» Exercise directions
In the entries that follow, the lines from the one with "orange car on gray dirt ground" through the one with "Online Programmes Banner" are the ones to write out, exactly and with both ends included. Nothing else should appear.

====== Material shown ======

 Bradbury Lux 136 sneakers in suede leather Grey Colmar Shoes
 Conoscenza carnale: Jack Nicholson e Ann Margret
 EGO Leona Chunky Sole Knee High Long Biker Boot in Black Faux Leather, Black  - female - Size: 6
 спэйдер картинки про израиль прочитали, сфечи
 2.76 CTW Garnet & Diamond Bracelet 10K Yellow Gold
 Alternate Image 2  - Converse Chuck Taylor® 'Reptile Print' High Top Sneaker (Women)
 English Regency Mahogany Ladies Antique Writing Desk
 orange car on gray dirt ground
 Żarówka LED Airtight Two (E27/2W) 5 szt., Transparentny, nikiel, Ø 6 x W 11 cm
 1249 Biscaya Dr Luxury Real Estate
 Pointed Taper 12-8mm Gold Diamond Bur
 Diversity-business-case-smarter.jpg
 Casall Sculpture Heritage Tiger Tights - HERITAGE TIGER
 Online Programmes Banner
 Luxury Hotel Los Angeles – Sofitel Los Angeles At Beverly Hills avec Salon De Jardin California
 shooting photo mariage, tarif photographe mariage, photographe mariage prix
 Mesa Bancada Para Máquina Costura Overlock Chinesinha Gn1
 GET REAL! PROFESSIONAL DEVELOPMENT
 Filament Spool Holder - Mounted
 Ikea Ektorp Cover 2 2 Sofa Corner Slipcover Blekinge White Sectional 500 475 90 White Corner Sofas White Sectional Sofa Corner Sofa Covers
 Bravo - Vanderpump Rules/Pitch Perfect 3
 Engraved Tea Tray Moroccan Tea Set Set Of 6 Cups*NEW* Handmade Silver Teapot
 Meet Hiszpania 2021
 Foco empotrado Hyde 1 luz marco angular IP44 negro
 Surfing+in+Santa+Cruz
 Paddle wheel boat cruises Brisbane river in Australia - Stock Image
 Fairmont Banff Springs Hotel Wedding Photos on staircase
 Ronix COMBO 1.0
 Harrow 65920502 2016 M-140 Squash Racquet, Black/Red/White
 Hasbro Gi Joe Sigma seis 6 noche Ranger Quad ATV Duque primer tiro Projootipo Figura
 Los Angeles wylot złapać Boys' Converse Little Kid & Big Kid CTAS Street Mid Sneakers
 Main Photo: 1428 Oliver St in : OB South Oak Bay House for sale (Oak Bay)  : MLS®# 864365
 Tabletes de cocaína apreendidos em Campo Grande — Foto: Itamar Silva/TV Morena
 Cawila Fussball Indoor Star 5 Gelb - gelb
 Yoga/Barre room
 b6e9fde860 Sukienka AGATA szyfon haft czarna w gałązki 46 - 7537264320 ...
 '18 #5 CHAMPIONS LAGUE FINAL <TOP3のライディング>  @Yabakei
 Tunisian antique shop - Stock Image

======

» Result of the exercise
 orange car on gray dirt ground
 Żarówka LED Airtight Two (E27/2W) 5 szt., Transparentny, nikiel, Ø 6 x W 11 cm
 1249 Biscaya Dr Luxury Real Estate
 Pointed Taper 12-8mm Gold Diamond Bur
 Diversity-business-case-smarter.jpg
 Casall Sculpture Heritage Tiger Tights - HERITAGE TIGER
 Online Programmes Banner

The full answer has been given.